The Political Animal
Andrei Gromyko explained the party line on Victor Kravchenko, the ex-Communist who wrote I Chose Freedom and has now chosen to testify on Russian espionage before a House committee (see PRESS). Said Gromyko: "When a dog has nothing to do, it licks its underbelly. Sometimes this attracts spectators."
John Nance Garner made some amends to history. After announcing last month that he had built a bonfire of his political records, "Cactus Jack" relented and gave the University of Texas 34 scrapbooks he had preserved. Thirty contained old newspaper clips, but four were a treasure house of place cards, menus, invitations to luncheons, plus a daily social squib in Mrs. Garner's own hand.
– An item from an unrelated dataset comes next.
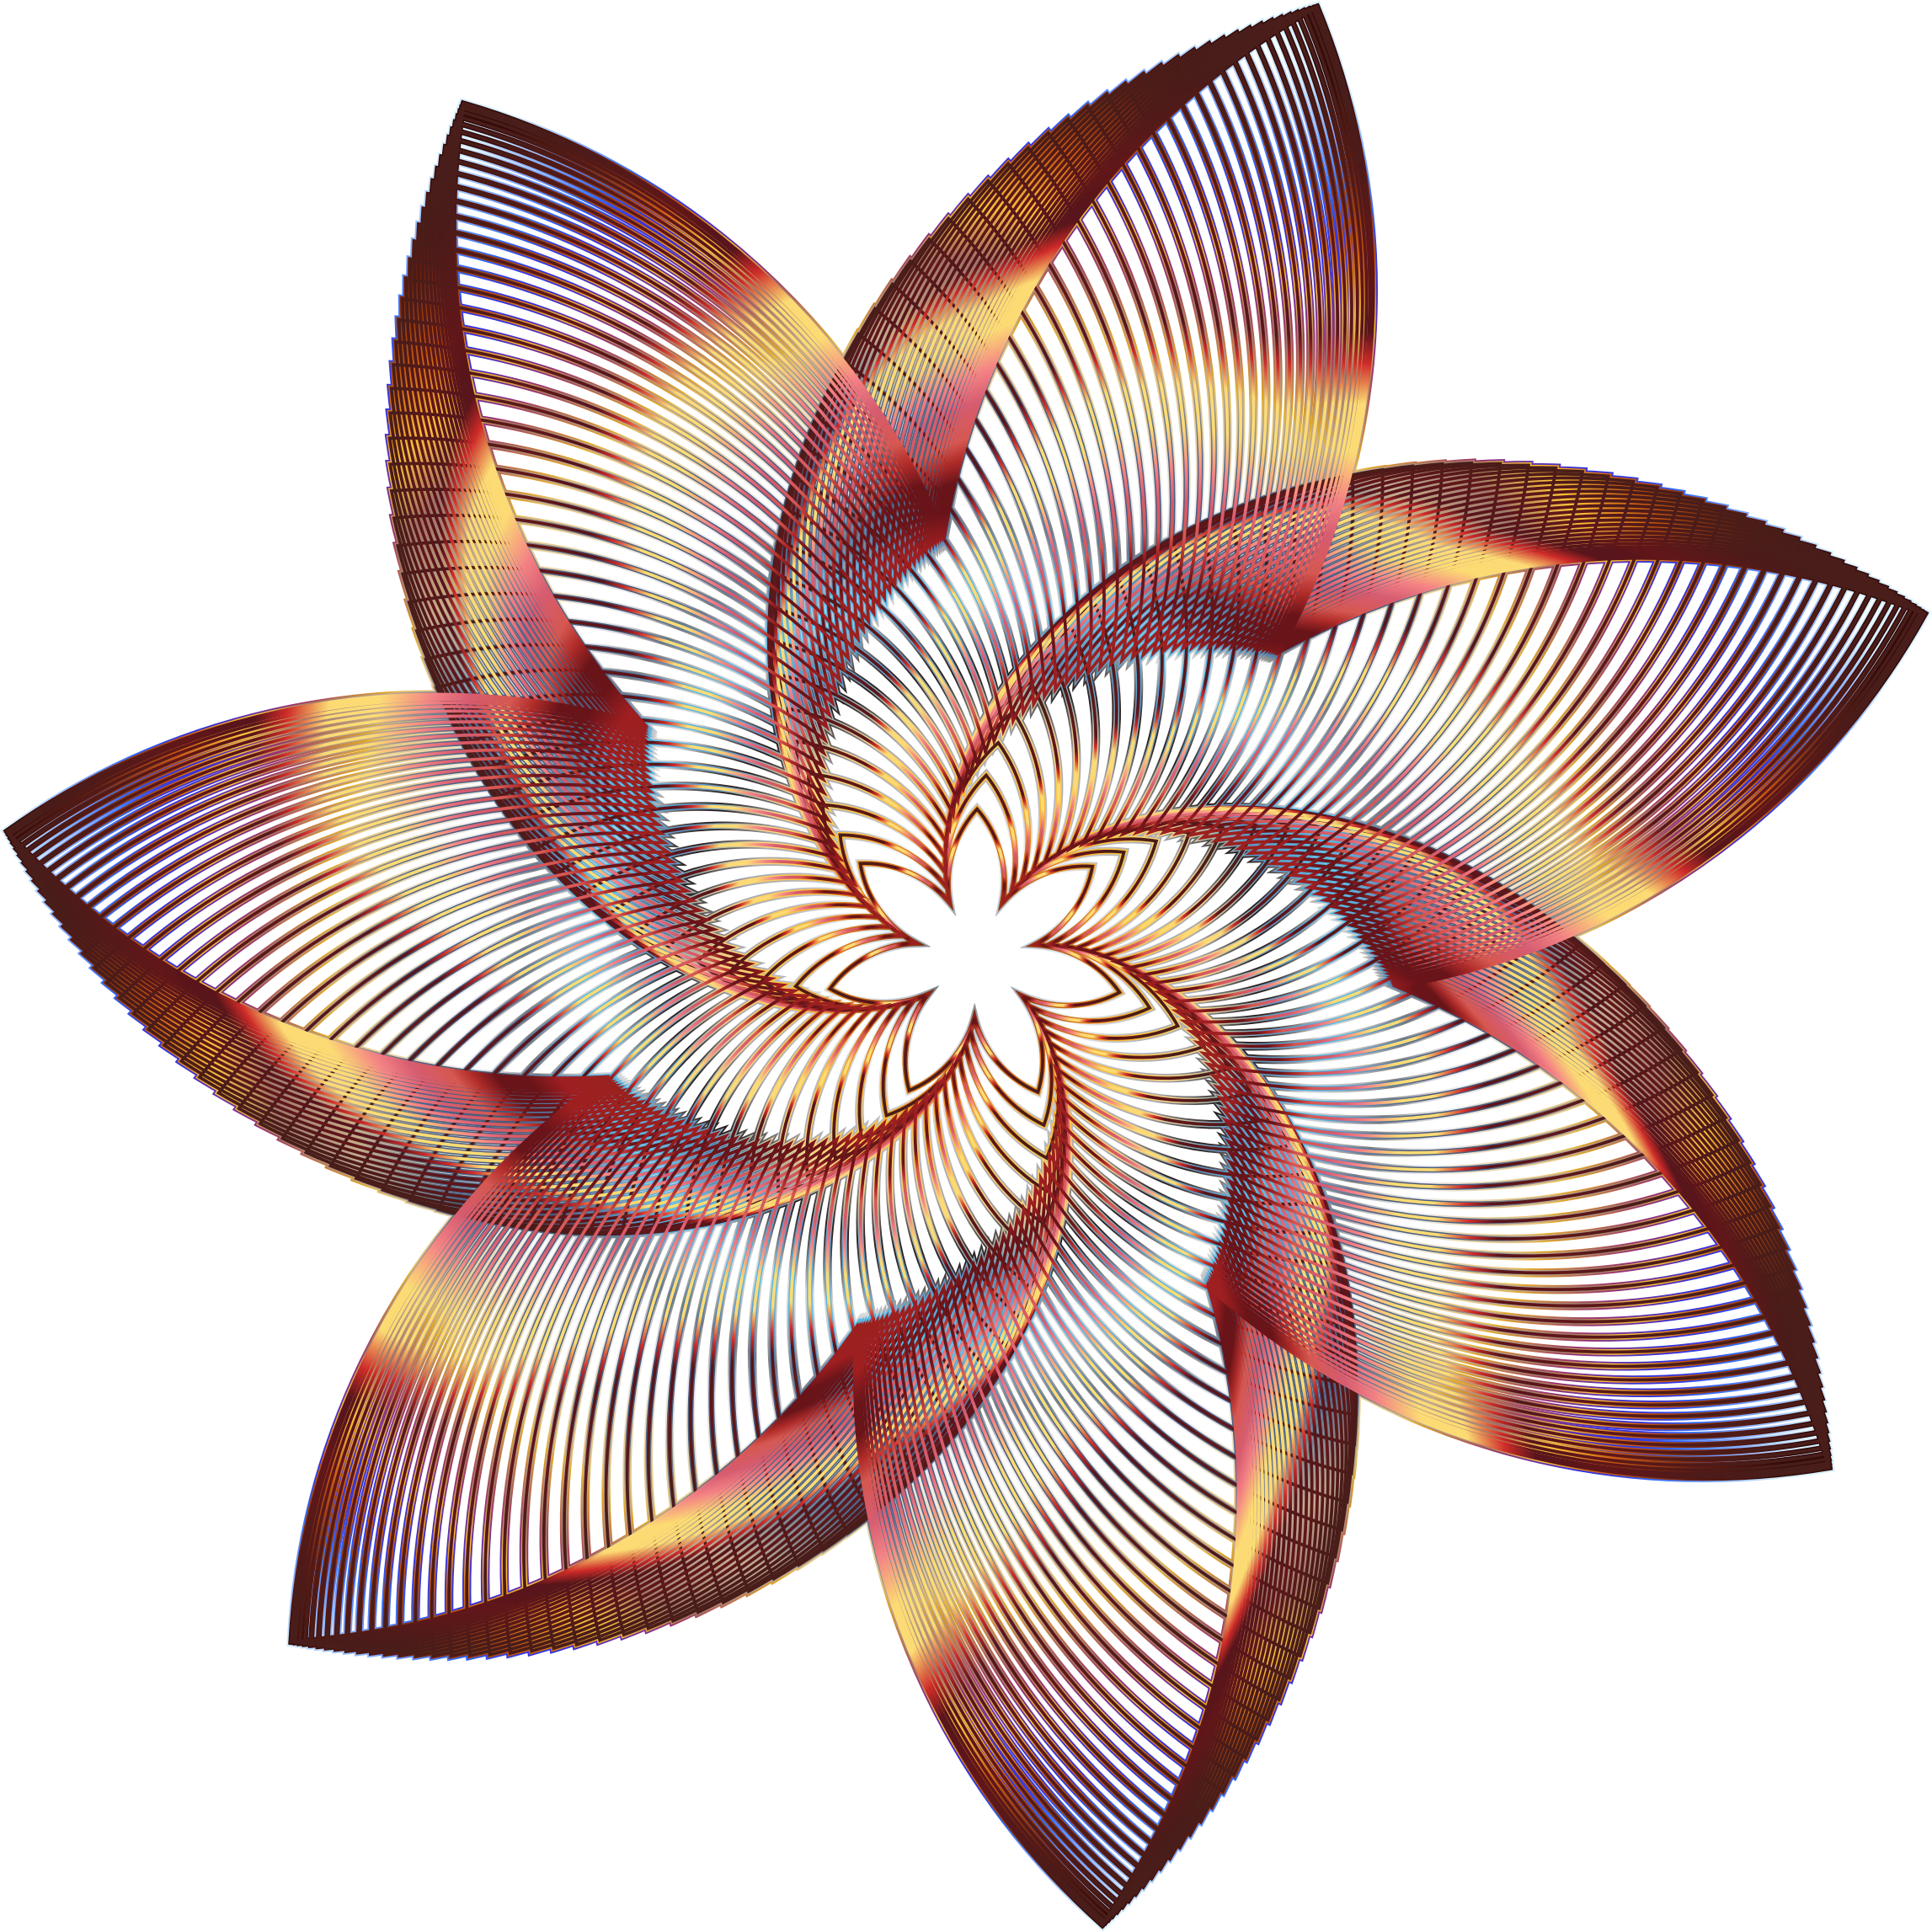 Flower Line Art 5 No Background - Portable Network Graphics (2294x2294)

Secretary of State George C. Marshall had a slight diplomatic exchange in Frederick, Md. He got lost while driving to a friend's house there; after cruising for almost an hour was set straight by a passerby, who observed: "You have a big job on your hands, General." Replied Marshall: "If I don't do any better than I did driving ... I won't do so well."
Over Their Shoulders
And who was to blame for Italy's being in history's junk yard? Italy's witty ex-Premier Francesco Nitti named a couple of safe scapegoats: Christopher Columbus and Niccolo Machiavelli. Machiavelli, Nitti explained, had "made us Italians out as men who are always ready to lie," Columbus was an even bigger culprit: his "indiscretion," Nitti claimed, had "shifted the axis of the world to the West," and Italy had been off the beam ever since.
From Paris, Painter-Photographer Man Ray, Philadelphia's gift to surrealism, looked back at Philadelphia and said: "I prefer the sadness of Paris to all the joys of the United States." Then he adjusted the leather shoestring that served him as a tie and, looking back from 57 on his "lost generation," concluded: "The greatest of life's adventures lie in normalcy and well-being."
The chivalry of General George S. Patton lived after him in a tale told by a German slave-laborer. The laborer, who said he had worked as a U.S. counter-intelligence agent after V-E day, claimed he had found Frau Martin Bormann, wife of Hitler's chief deputy, operating a kindergarten in the Austrian Tyrol in 1945. He also found that she was dying of cancer. The agent reported his discovery to Third Army HQ, was told General Patton's decision: "The woman should be allowed to die in peace." She did, a few months later, said the agent.